▶ _WHAT THE EXERCISE ASKS_:
All lines from the one that contains "La peinture abstraite" through the close of the entries below are to be repeated exactly, without any pictures.
* * * * * * *
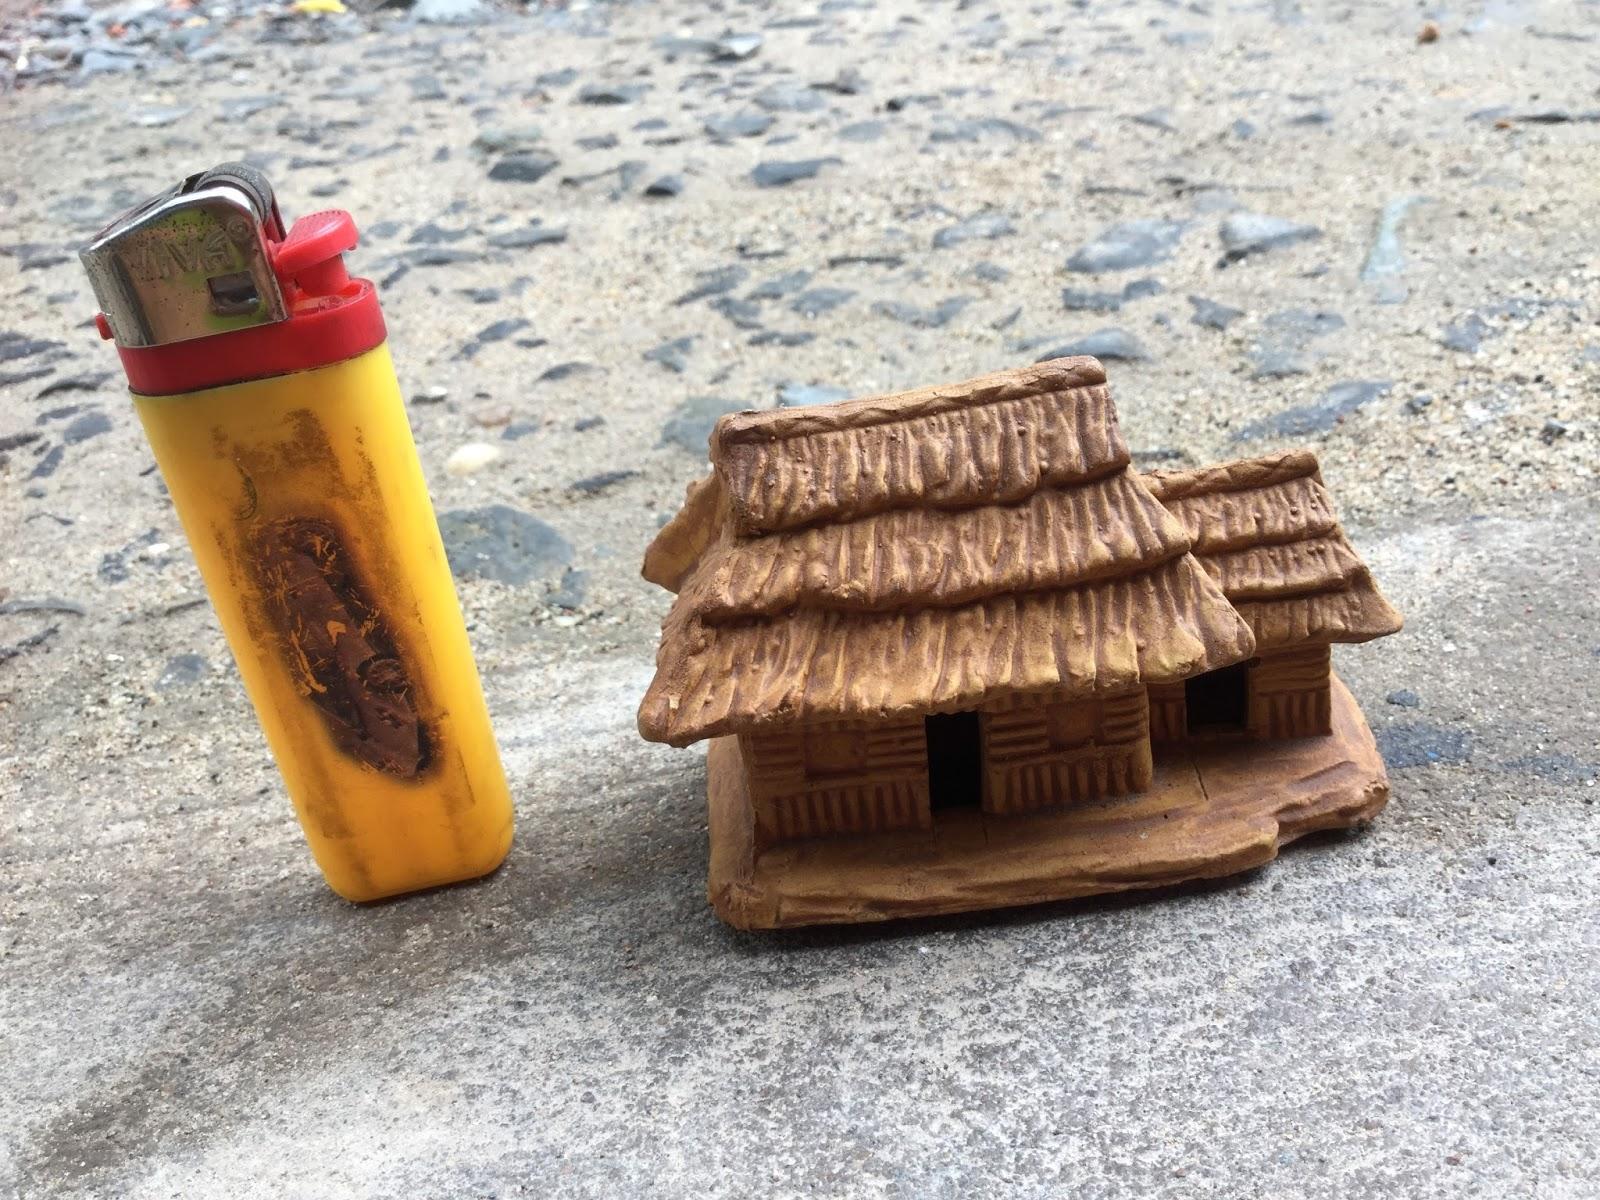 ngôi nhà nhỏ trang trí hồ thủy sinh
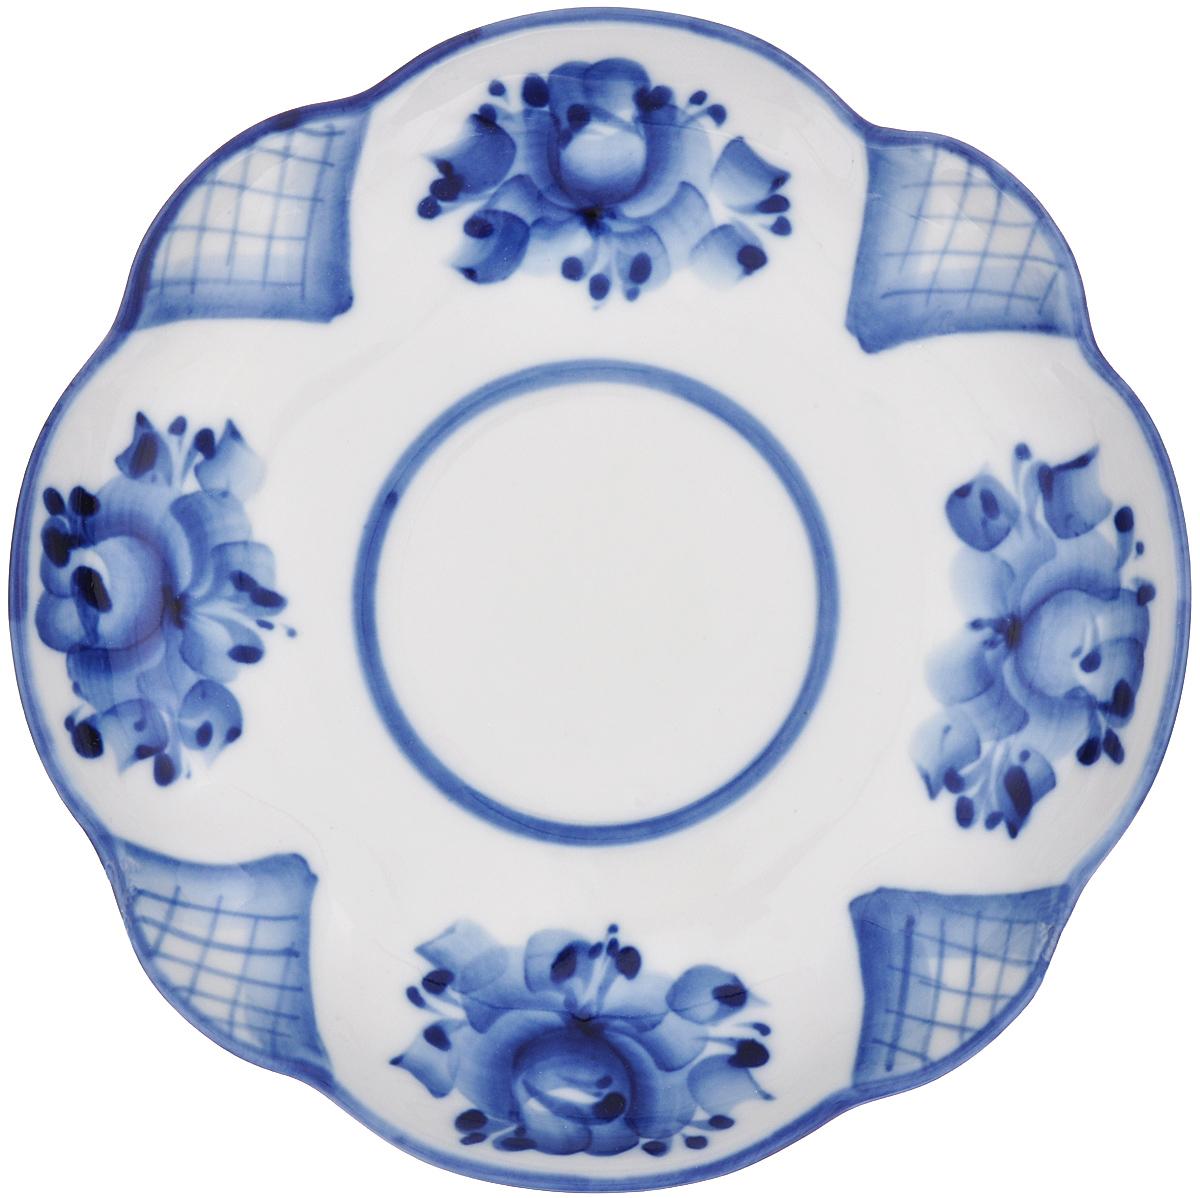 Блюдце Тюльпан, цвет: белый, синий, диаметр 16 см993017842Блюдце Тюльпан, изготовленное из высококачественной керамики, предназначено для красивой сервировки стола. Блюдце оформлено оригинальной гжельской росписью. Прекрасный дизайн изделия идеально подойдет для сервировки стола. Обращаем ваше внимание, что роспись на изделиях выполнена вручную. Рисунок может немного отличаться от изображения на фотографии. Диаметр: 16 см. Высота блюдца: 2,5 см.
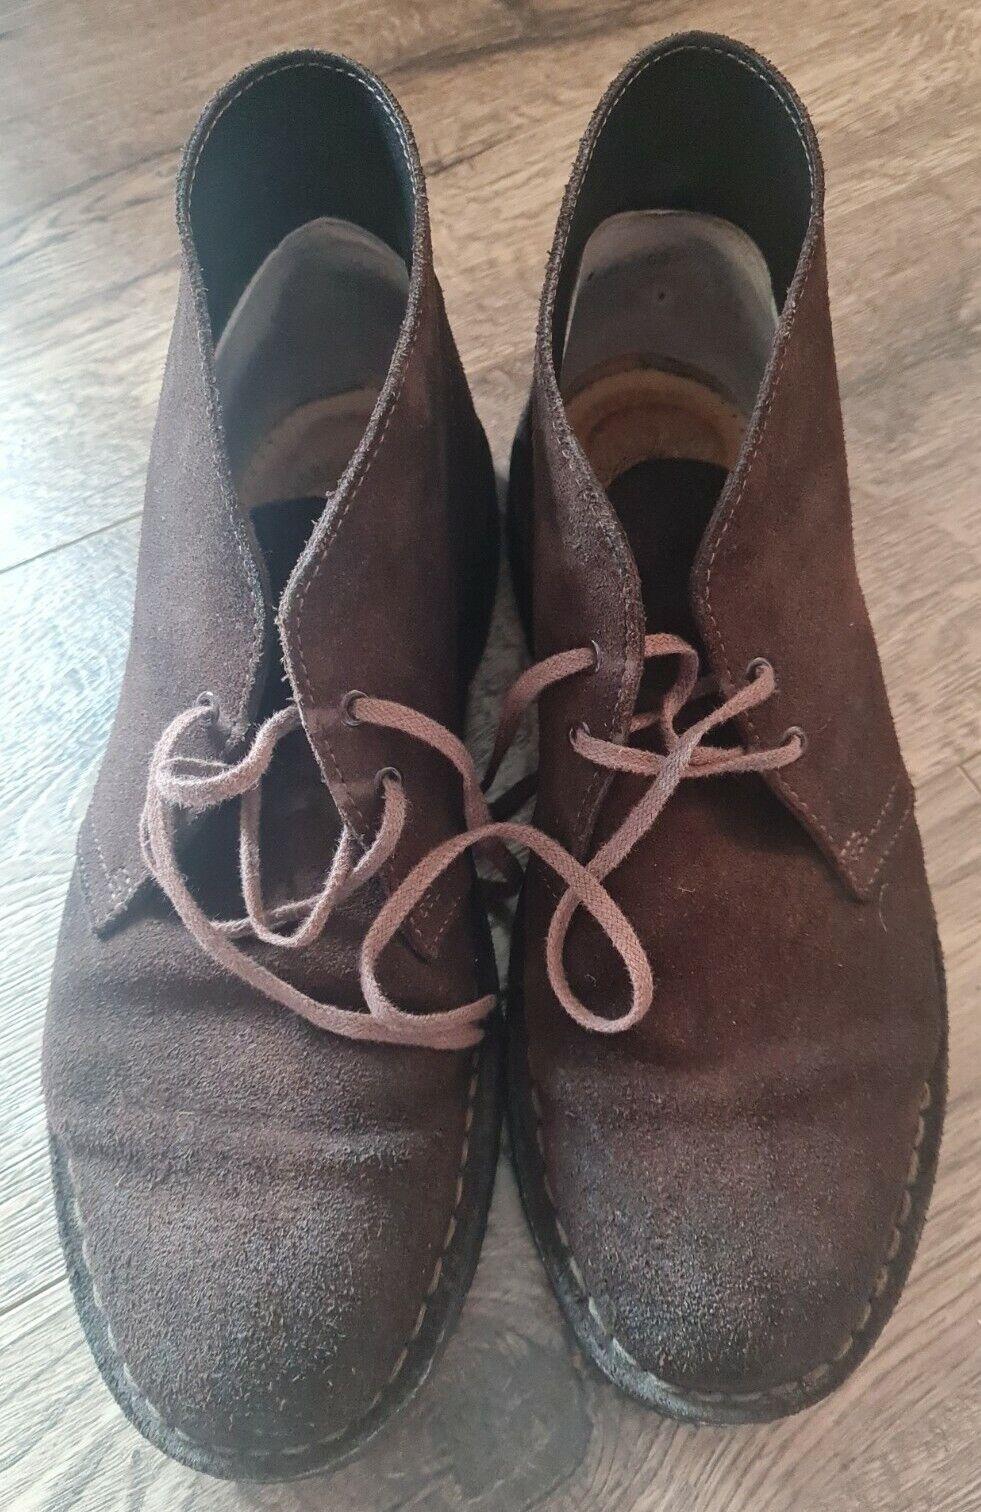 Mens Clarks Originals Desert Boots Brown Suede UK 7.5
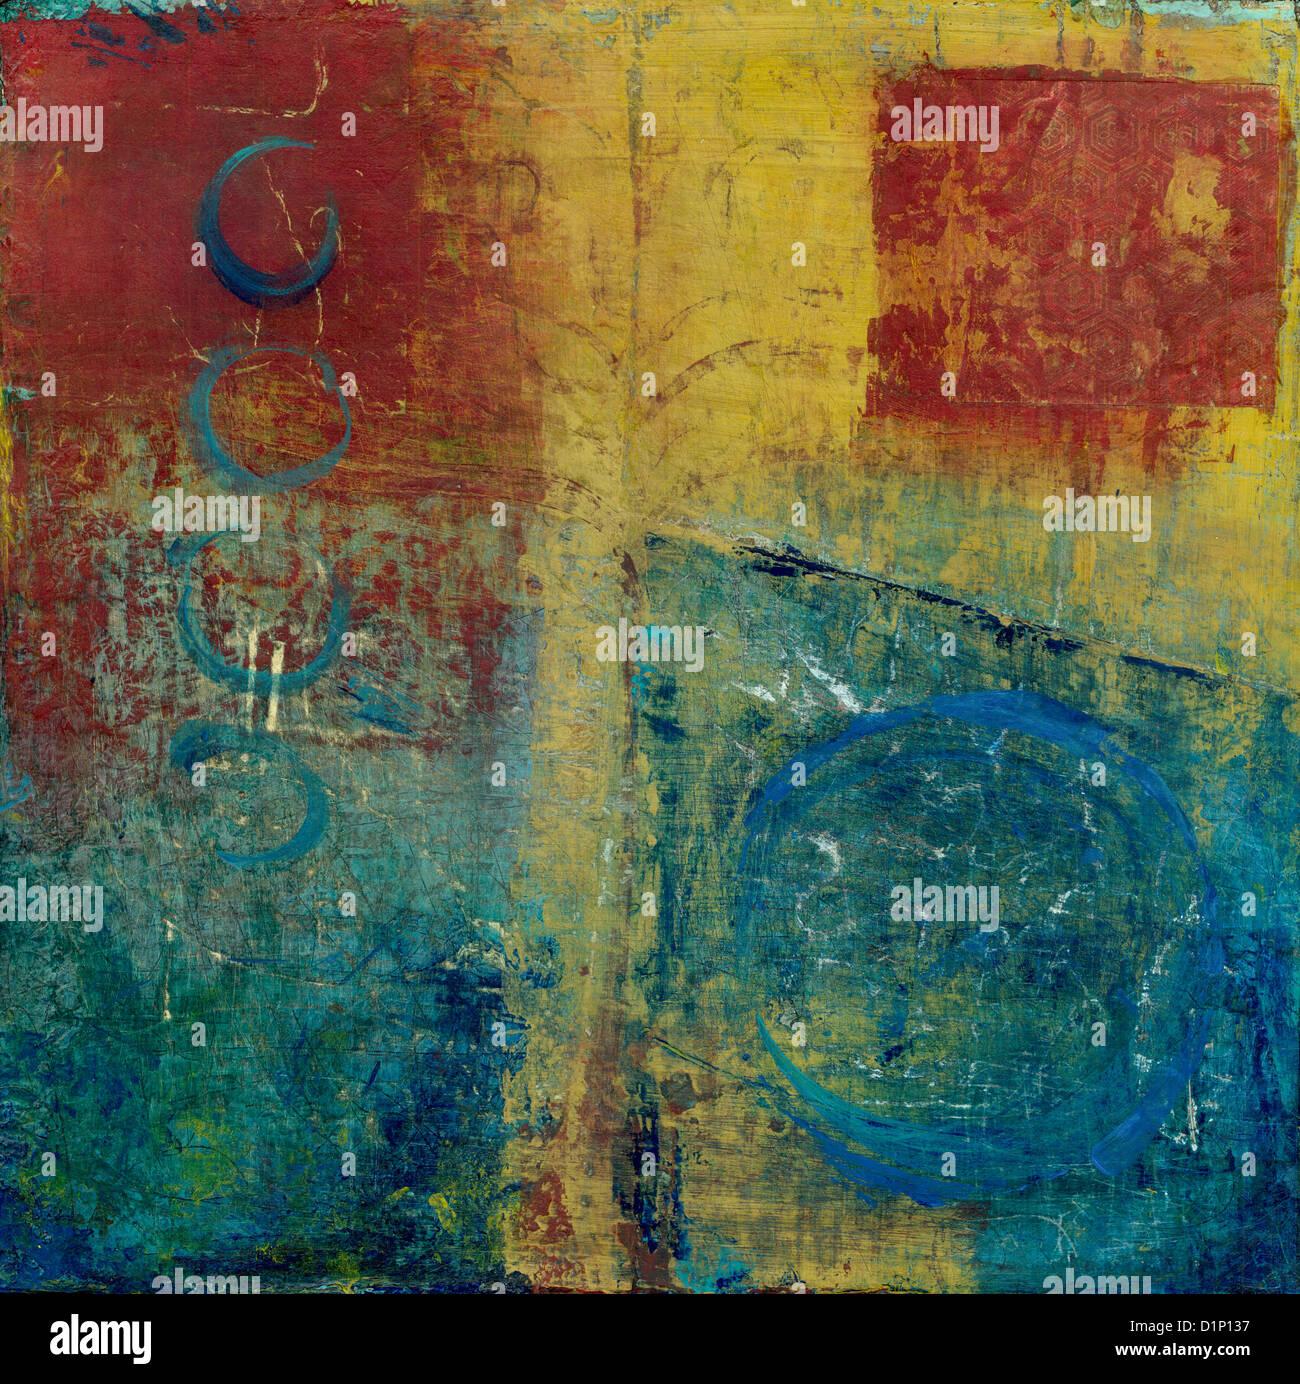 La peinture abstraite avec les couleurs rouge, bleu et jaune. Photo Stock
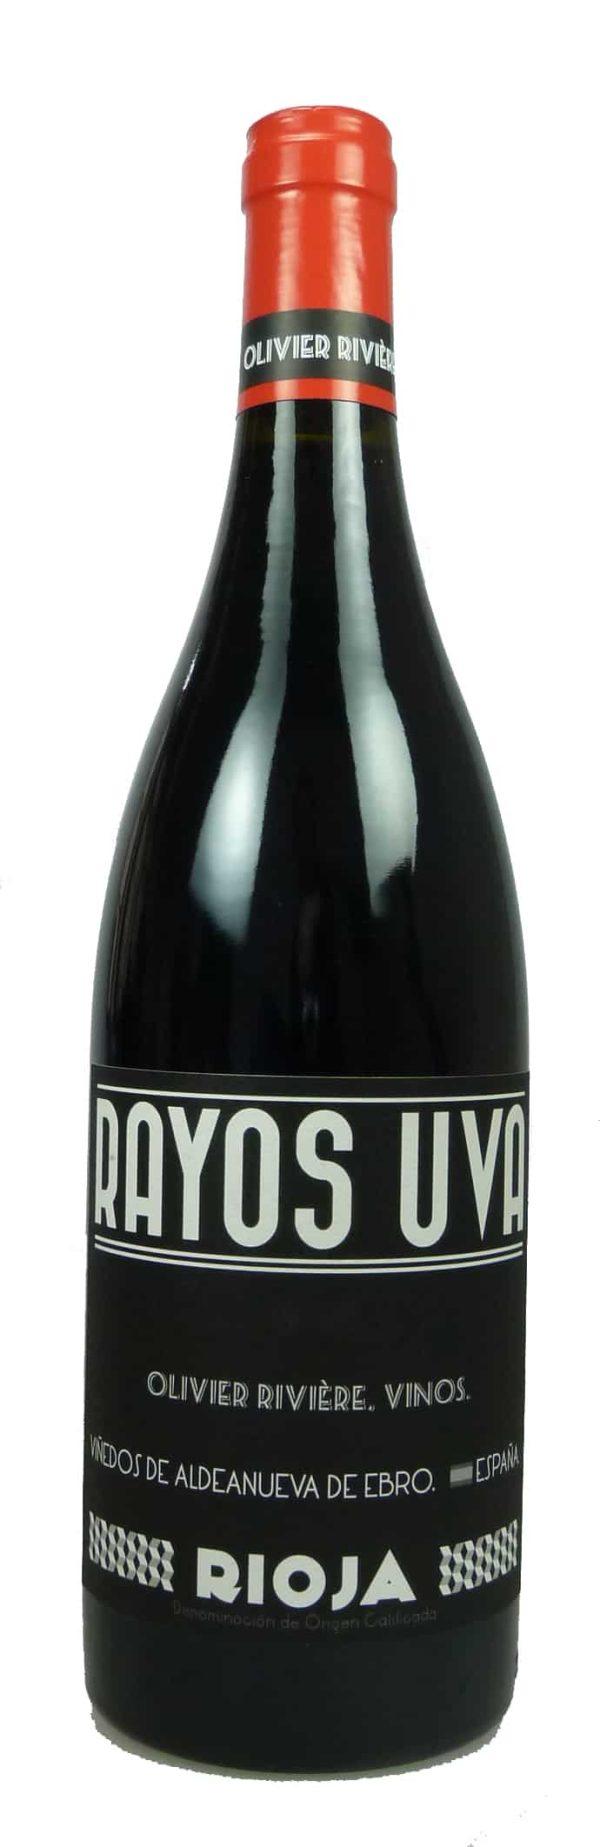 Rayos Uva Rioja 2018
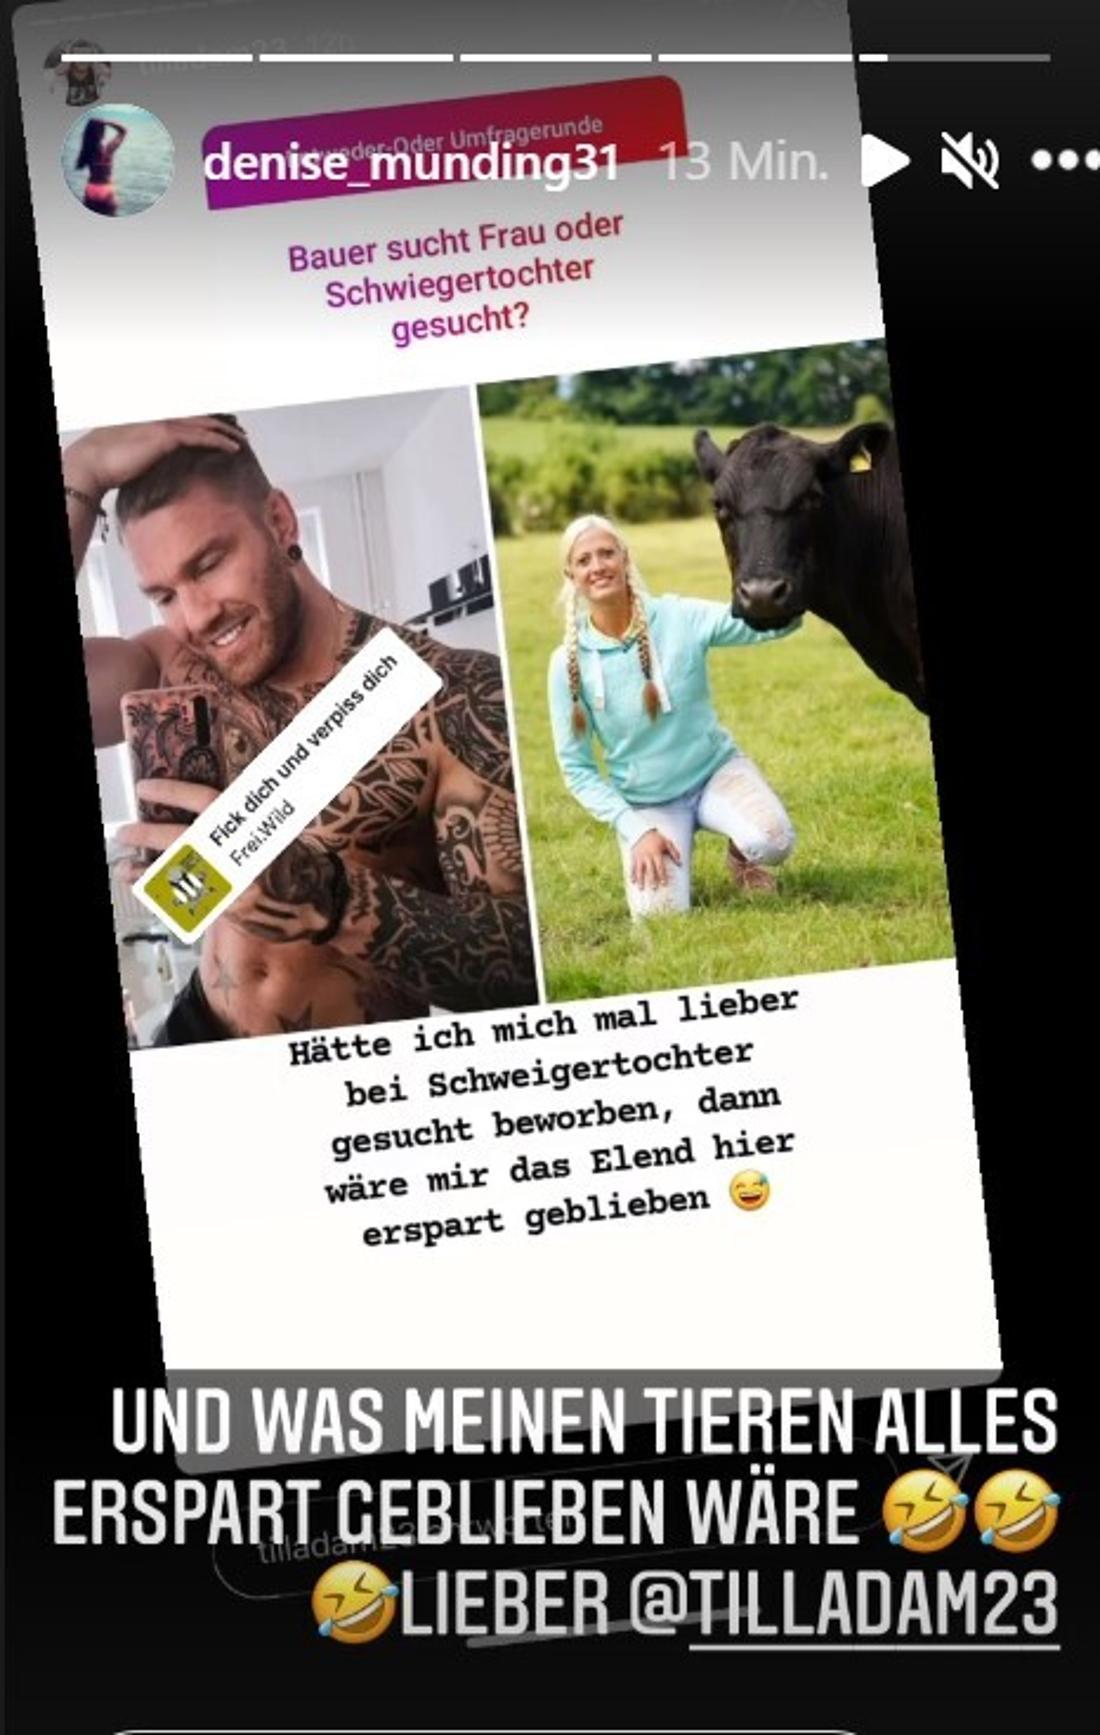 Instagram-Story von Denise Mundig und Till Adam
* * * * * * *
▶ _WRITTEN REPLY_:
 La peinture abstraite avec les couleurs rouge, bleu et jaune. Photo Stock
 Rayos Uva Rioja 2018
 Instagram-Story von Denise Mundig und Till Adam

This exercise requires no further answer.